Характерны для настроений Тэссая и такие картины, как "Ловля рыбы
уединившимися в горной речке", где на фоне круглых гор стремительно мчатся
потоки реки, омывающие мокрые прибрежные камни. "Подлинная любовь к горному
обитанию", где люди находят для себя, быть может, не только и не столько
приют на лоне живописной природы, но, главное, обретают достойную человека
свободу, жизнь, полную естественной простоты, возвышенных чувств,
творческого вдохновения.
Примечательно, что поэтическая окрашенность произведений Тэссая
является в значительной степени плодом внутреннего осмысления природы,
результатом эстетического восприятия окружающего мира, а не просто
производной зоркости живописца, проникновенной его наблюдательности. С этим
органически переплетаются и раздумья художника о жизни людей, мире их идей,
судьбе поколений -- поистине общечеловеческие переживания и чувства. Именно
живая природа с ее поэтическими красками, непостижимыми превращениями и
естественной красотой на протяжении веков оказывала глубокое моральное и
эстетическое воздействие на человека и общество, на формирование чувства
родины, высокого гражданского долга и мужества.

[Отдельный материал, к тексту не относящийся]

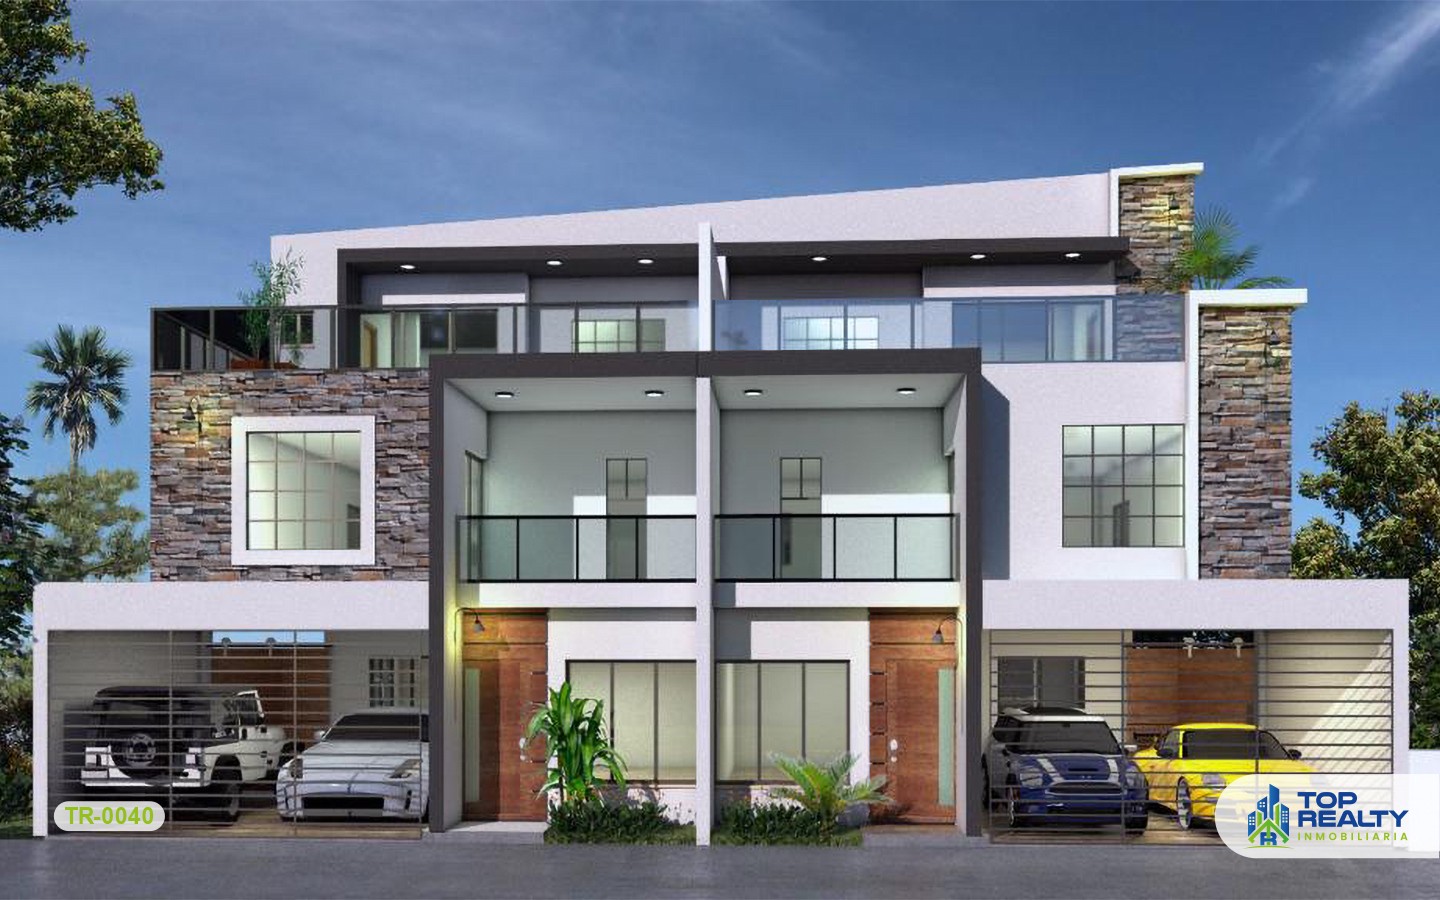 apartamentos - TR-0040: ¡Proyecto único! Casas en tres niveles con distribución excelente. 0

Во всем этом с несомненностью обнаруживается влияние на творчество
Тэссая искусства мастеров древнего Китая, изучением которых японский
живописец не прекращал заниматься всю свою жизнь. Как это ни парадоксально,
но сам Тэссай считал себя больше ученым-китаеведом, чем художником. Хорошо
известно, что он был одним из наиболее эрудированных синологов своего
времени. Особенно обширны были его познания в области культуры и искусства
Танского и Сунского периодов (VII--XII века), когда Китай переживал эпоху
наивысшего развития феодального общества. Именно в эту эпоху наука и
искусство Японии испытывали на себе могучее воздействие китайской культуры.
С особым интересом Тэссай изучал искусство живописи южнокитайской
школы, основоположником которой считается прославленный поэт и живописец Ван
Вэй (699--759), впервые создавший произведения монохромной живописи тушью.
Преобладающие мотивы в творчестве Ван Вэя -- отображение могущества природы,
ее спокойное величие, чарующее обаяние. Отношение Ван Вэя к отображению
природы отчетливо формулируется в трактате о живописи "Тайное откровение
науки живописца", основополагающие принципы эстетических взглядов которого в
большой мере восприняты Тэссаем. Восприятие это, однако, не буквальное и не
формально-механическое. В живописи Тэссая они получили характерное лишь для
его индивидуального почерка воплощение, окрашенное японским национальным
своеобразием.
Едва ли не самым излюбленным сюжетом в творчестве Тэссая была тема о
выдающемся китайском поэте и художнике Су Ши, или Су Дун-по (1036--1101),
получившем широкую известность как наиболее яркий представитель "живописи
ученых". Су Дун-по проявил себя блестящим виртуозом живописи тушью и
талантливейшим каллиграфом. Именно в этой области поразительного мастерства
достиг и Тэссай, монохромные работы которого отличаются непревзойденным
совершенством, тонким эстетическим вкусом.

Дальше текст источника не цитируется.